Twenty-seven people have died in two weeks of, at times, violent demonstrations after Prime Minister Narendra Modi's government made it easier for non-Muslims from three countries to be naturalised.
Coupled with a mooted citizens register, it has stoked fears, including in Washington and the UN rights office, about the marginalisation of Muslims who make up 14 percent of India's 1.3 billion people.
Armed policemen patrolled Muslim-dominated areas of the capital as hundreds of demonstrators gathered outside the grand mosque in Delhi's old quarter after Friday prayers.
Riot police and paramilitary troops erected steel barricades on roads leading to the mosque, where violent clashes broke out last week following protests.
On Friday, demonstrators chanted slogans against the government, vowing to keep up the pressure until the law was revoked and plans for the register cancelled.
Modi, facing his biggest challenge since storming to power in 2014, said on Sunday that Muslims whose "ancestors are the children of mother India" had nothing to fear.
He has also said that the citizenship law is a humanitarian move, giving refuge to persecuted religious minorities from Muslim-majority Pakistan, Bangladesh and Afghanistan.
But it has unleashed a wave of protests across the country, and not just by Muslims, with several state governments saying they will refuse to implement the legislation.
Internet cut
In Mumbai, where a string of protests were held on Friday, including one in support of the government, hundreds of police were deployed to prevent unrest and man dozens of checkpoints set up along the city's roads.
Around 200 people showed up at the pro-government demonstration, clutching flags and posters in favour of the new law.
"We should welcome persecuted Hindus back home without any restrictions," said Mahindra Shah, an 82-year-old protester.
"Why do Muslims need to come here when Pakistan, Afghanistan and Bangladesh are Muslim-dominated?"
Officials in the northern state of Uttar Pradesh, where 20 percent of people are Muslims, said they have suspended mobile internet and Short Message Services (SMS) in 21 districts out of 75 including the state capital Lucknow.
Access to data on cellphones was only restored in many areas on Tuesday following a week-long cutoff in a country that activists say is the world leader in snapping internet access.
The state, home to India's best-known tourist site the Taj Mahal, witnessed large-scale clashes last Friday between protesters and police.

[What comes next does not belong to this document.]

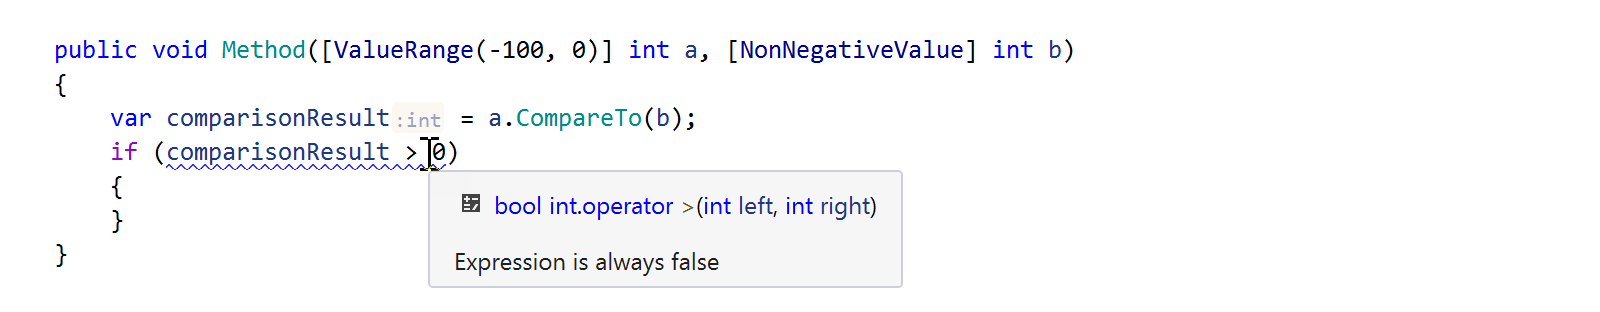 Dataflow analysis of integer values in C#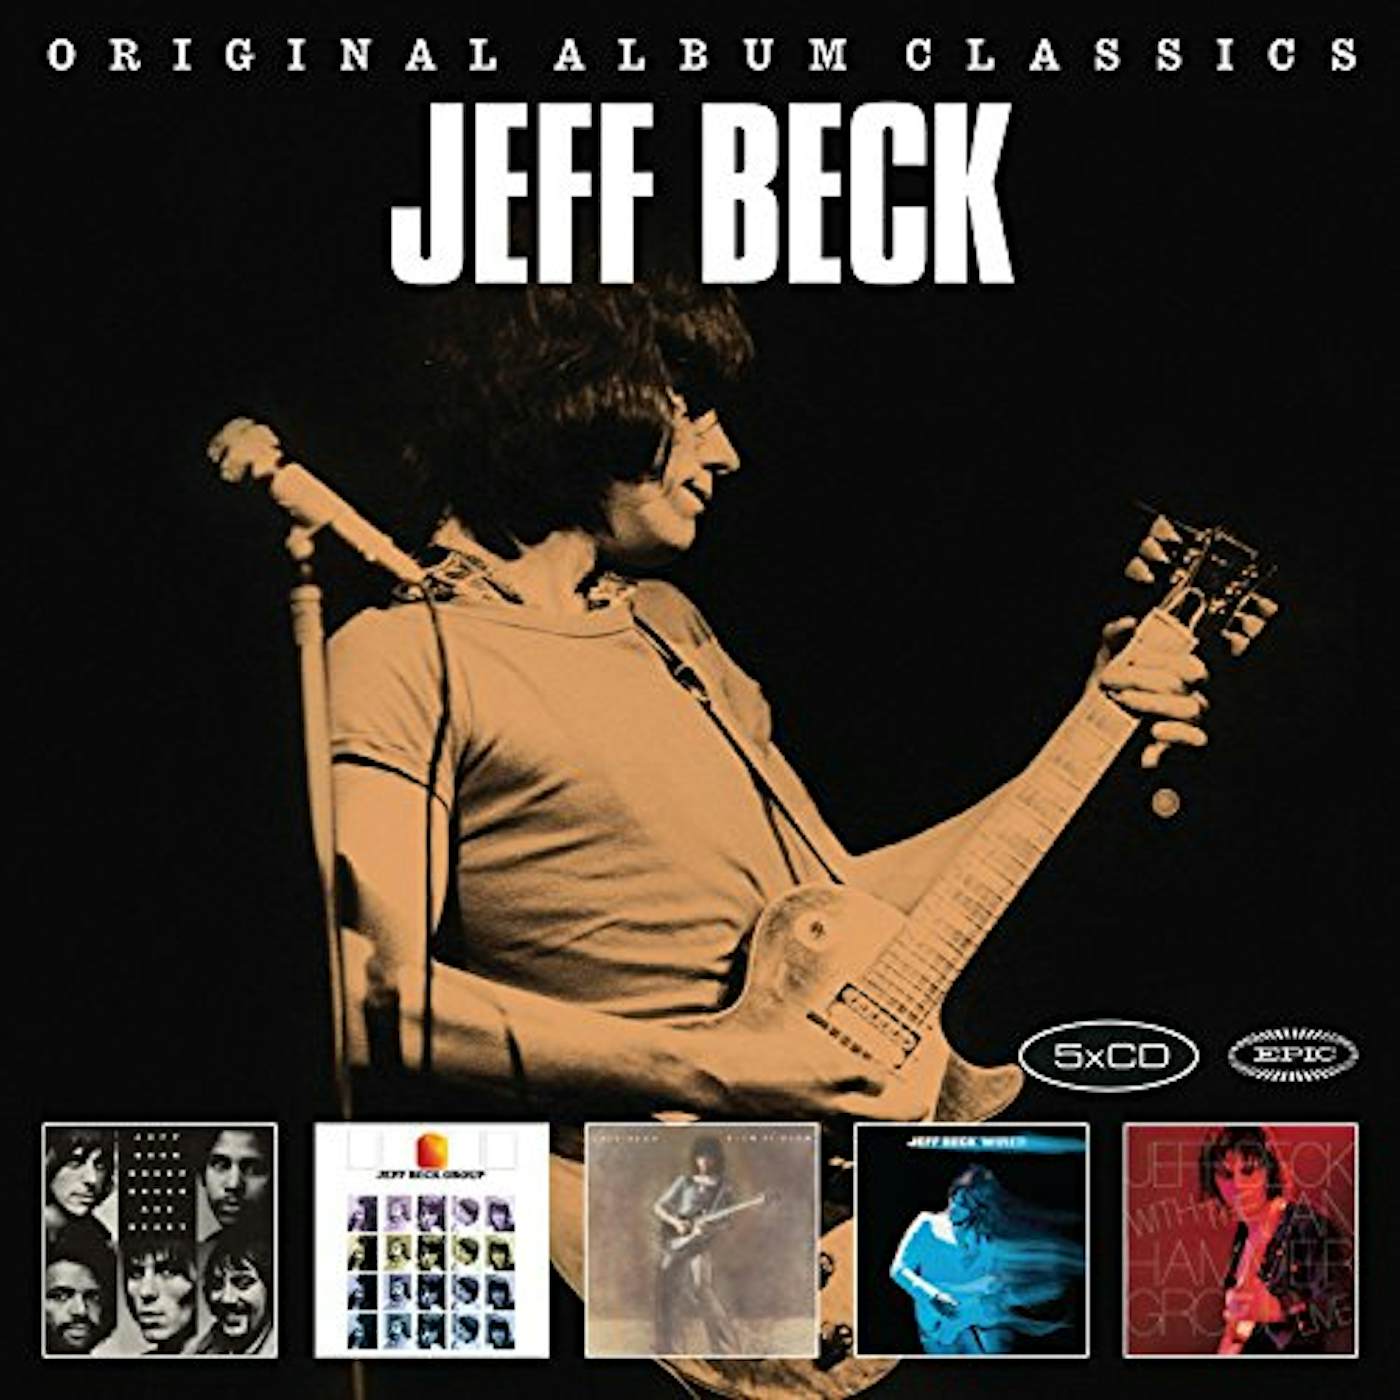 Jeff Beck ORIGINAL ALBUM CLASSICS CD

Nineteen people were killed, mostly from gunshot wounds.
Thousands detained
Heavy-handed police tactics have fuelled anger, with many accusing authorities of arbitrary force against dissenters.
The protests in Uttar Pradesh, whose chief minister is a Hindu monk from Modi's right-wing Bharatiya Janata Party, are among the biggest there in decades.
Police have arrested more than 1,000 people and taken more than 5,000 others in the state into preventive custody, some of them as young as 16 according to media reports.
About 200 people have been ordered to pay compensation for damage caused to public property during the protests, failing which their assets will be confiscated.
More than 100 people have also been booked over social media posts deemed to be objectionable or misleading, with tens of thousands of messages on Twitter, Facebook and other platforms reported.
Authorities are keeping a close eye on foreigners with a Norwegian tourist saying she was told to leave India after participating in a protest in the southern state of Kerala.
This week a German student was also ejected after taking part in demonstrations in the southern city of Chennai, according to media reports.
Photos on social media purportedly of the student, named as Jakob Lindenthal, showed him carrying a placard saying "1933-1945 We have been there", in reference to his country's Nazi past.